Activity >>
Retype each line below precisely and omit all images.

Supplied material >>
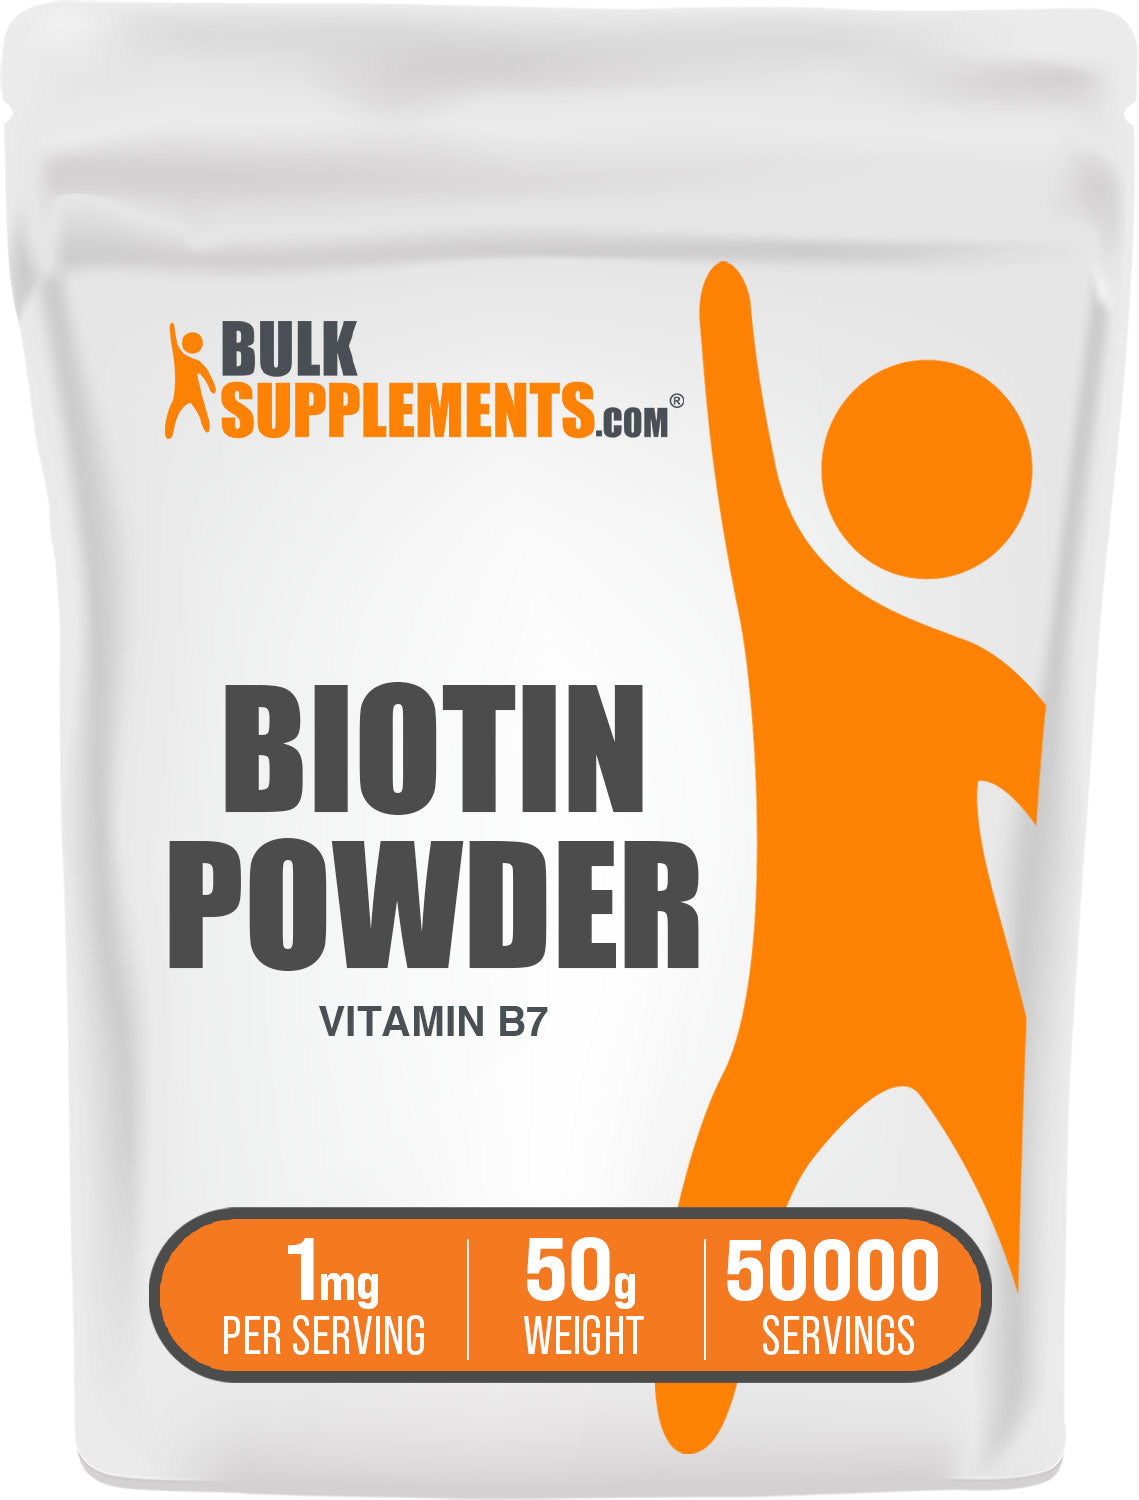 BulkSupplements Biotin Powder Vitamin B7 50g bag
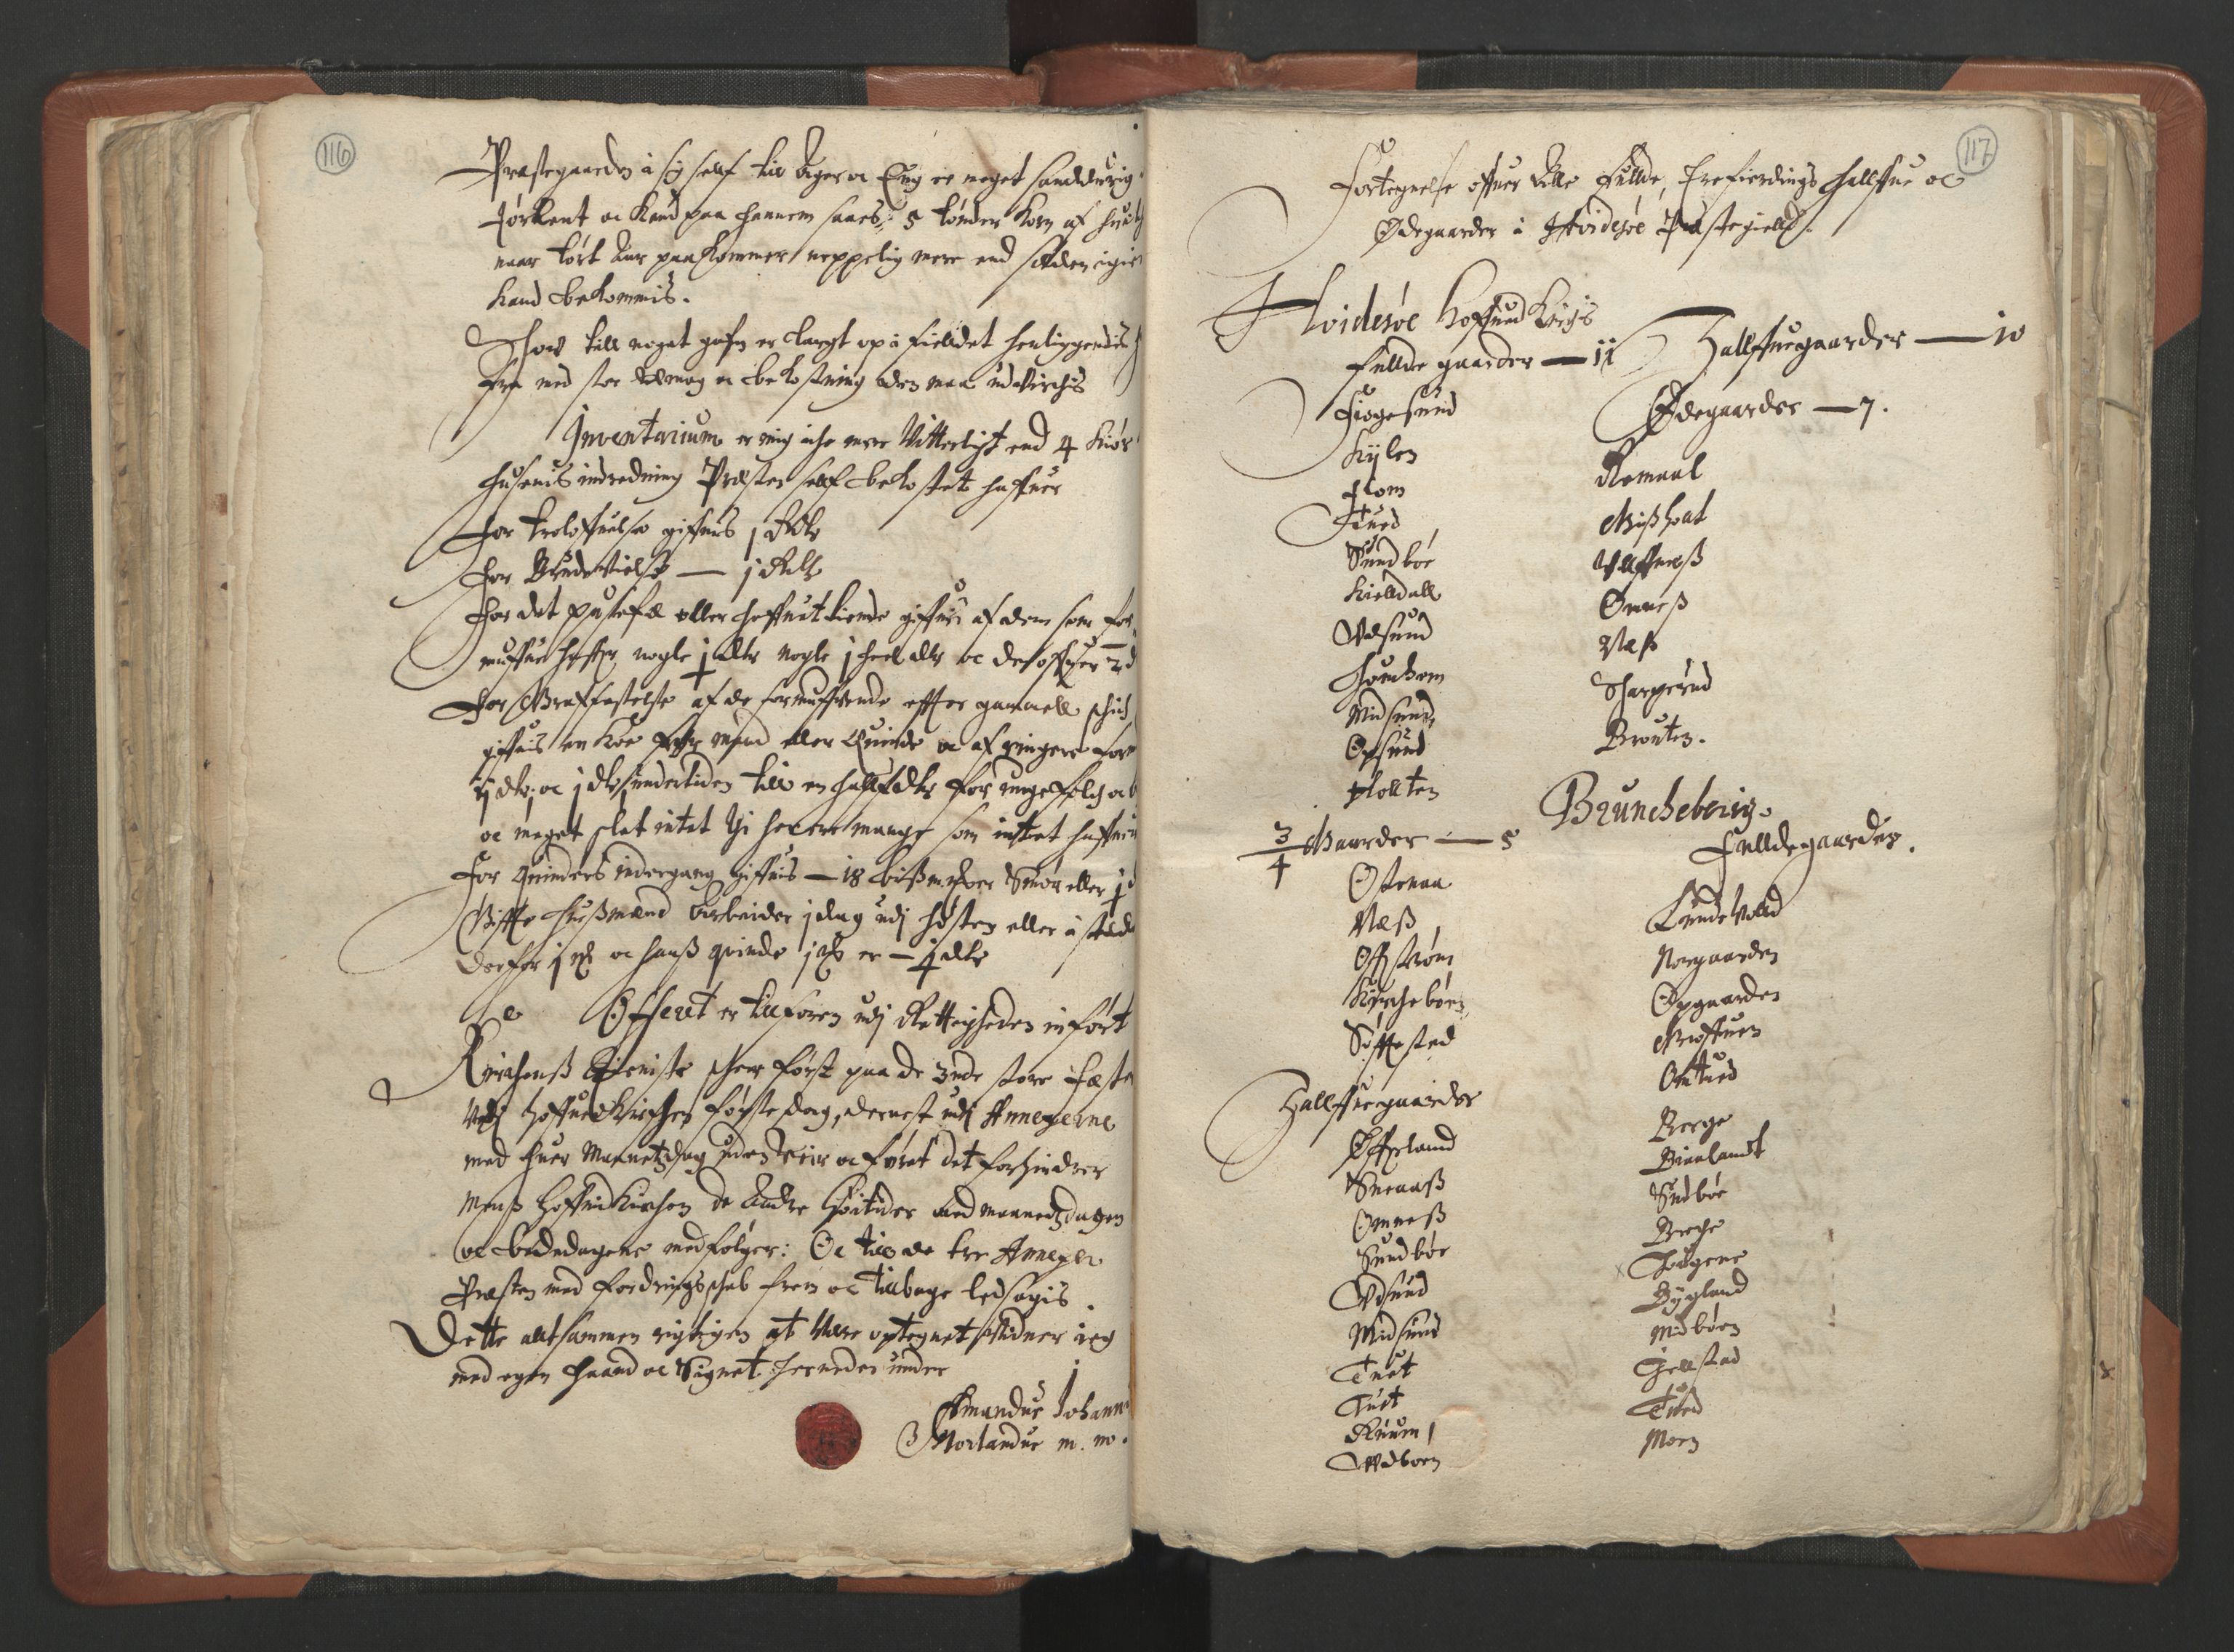 RA, Vicar's Census 1664-1666, no. 12: Øvre Telemark deanery, Nedre Telemark deanery and Bamble deanery, 1664-1666, p. 116-117
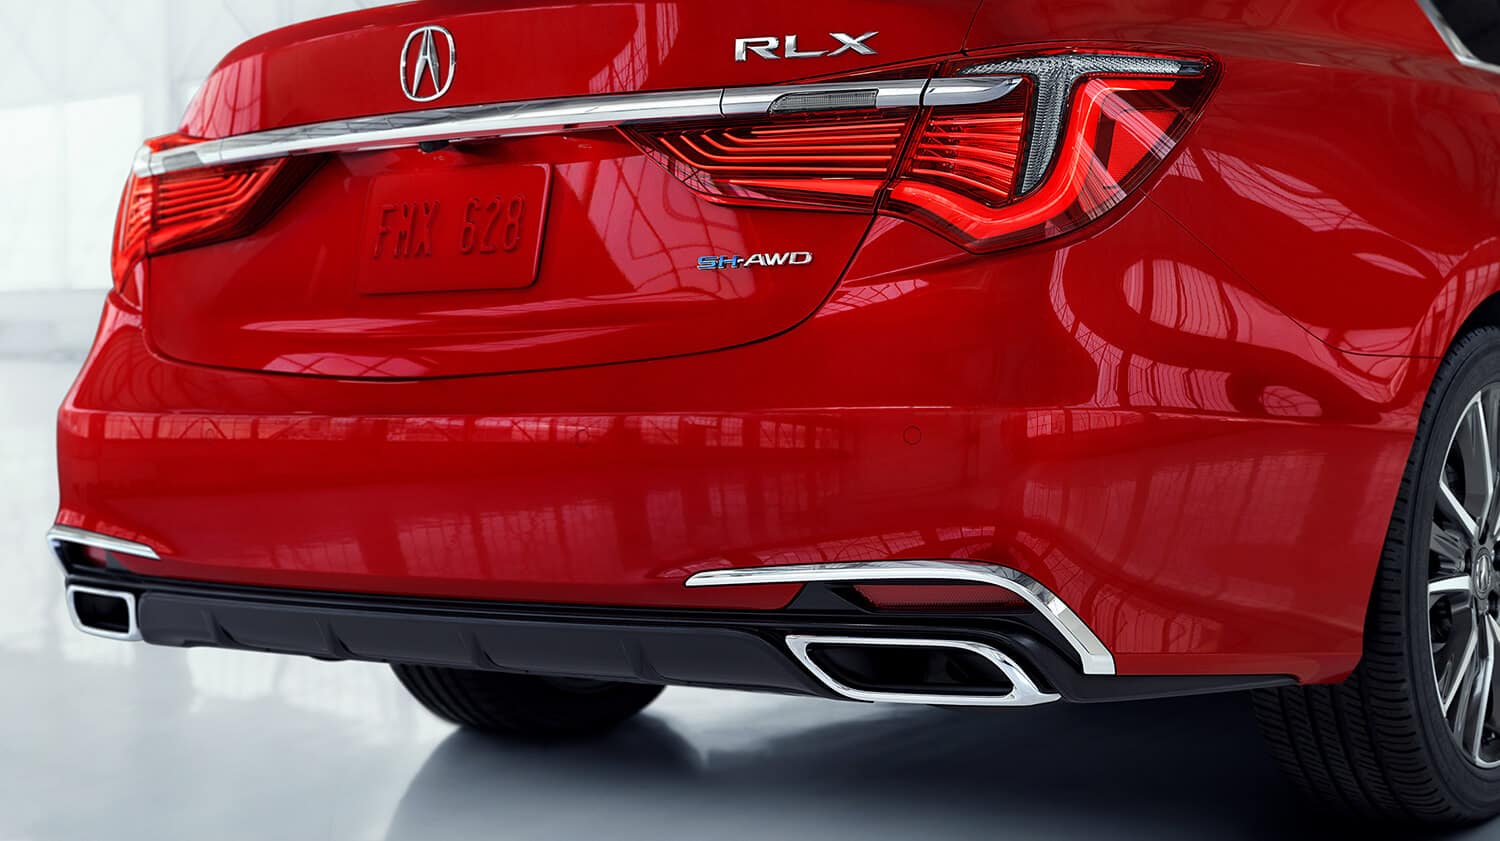 2020 Acura RLX | Premium Luxury Sedan in Colorado | Rocky Mountain Acura  Dealers

Reply to the task >>
 BulkSupplements Biotin Powder Vitamin B7 50g bag
 RA, Vicar's Census 1664-1666, no. 12: Øvre Telemark deanery, Nedre Telemark deanery and Bamble deanery, 1664-1666, p. 116-117
 2020 Acura RLX | Premium Luxury Sedan in Colorado | Rocky Mountain Acura  Dealers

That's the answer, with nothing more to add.